Because I’m a heck of a lot more concerned about an athlete suffering from heat stroke than I am about them possibly contracting a skin disease from their teammate. Our soccer players are exposed to high temperatures during competitive play on numerous occasions during the year. It’s simply not feasible to cancel competitions when the temperatures go above 95 degrees. We bring canopies to every match where the temps are expected to be above 70 (or it’s raining), but having the towels helped a lot in addition to having plenty of cold liquids. The risk of an MRSA outbreak is very small as the CDC study found the incidence of invasive MRSA in children aged 5-17 was 1.4 per 100,000. The vast majority of MRSA infections are treated successfully, but as the October news shows, not always. So what to do?

Clearly the easiest preventative measure for MRSA is to prohibit the use of cooling towels. Even if they aren’t shared, they’re dipped in a cooler of ice cold water between uses which could spread bacteria. I tried to find scientific data on the ability of MRSA to survive freezing temperatures, but was unable to. But their usefulness in keeping players cool is clear. Using disposable paper towels would generate a ton of trash, and they don’t hold water was well. Perhaps a more sensible approach is to educate coaches and parents that any child with open cuts, sores, or lesions should NOT use the cooling towels, or should have one they keep separate from the rest. We already ensure the towels get cleaned and bleached between uses. My guess is we’ll continue to use the cooling towels for our competitive players, but also work to educate our parents and coaches on how to minimize the chances of an infection.

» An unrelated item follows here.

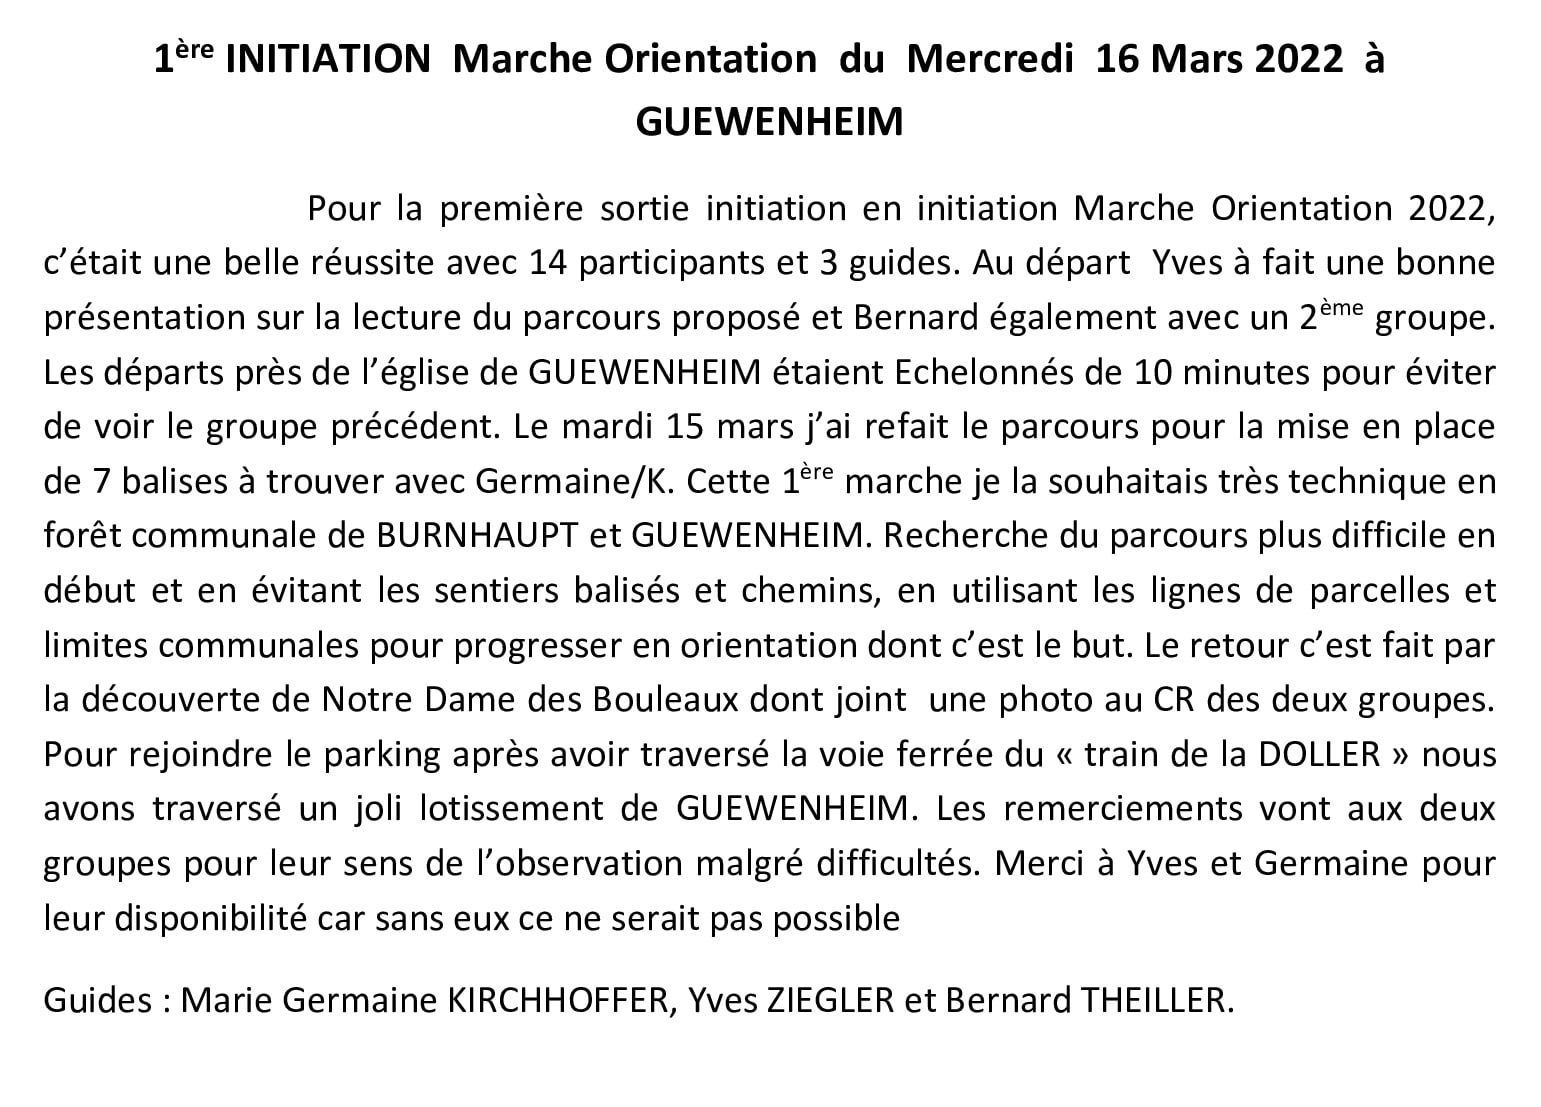 CR-1ere-Initiation-MO-a-Guewenheim-de-16-Mars-2022

We may investigate getting additional towels so players have 2-3 each and once they use one, they put it in a bag for later cleaning. Thus the towels in the cooler are always clean and sanitized. But that’ll be expensive.

So there you have it. MRSA is something to be concerned with, but clearly not to the level the media would have had you believe in October. While the common preventative measures are common sense, their absolute implementation could expose players to additional, though unrelated, risks.

Does your league have a MRSA policy? Have they published information about MRSA or changed how they do things?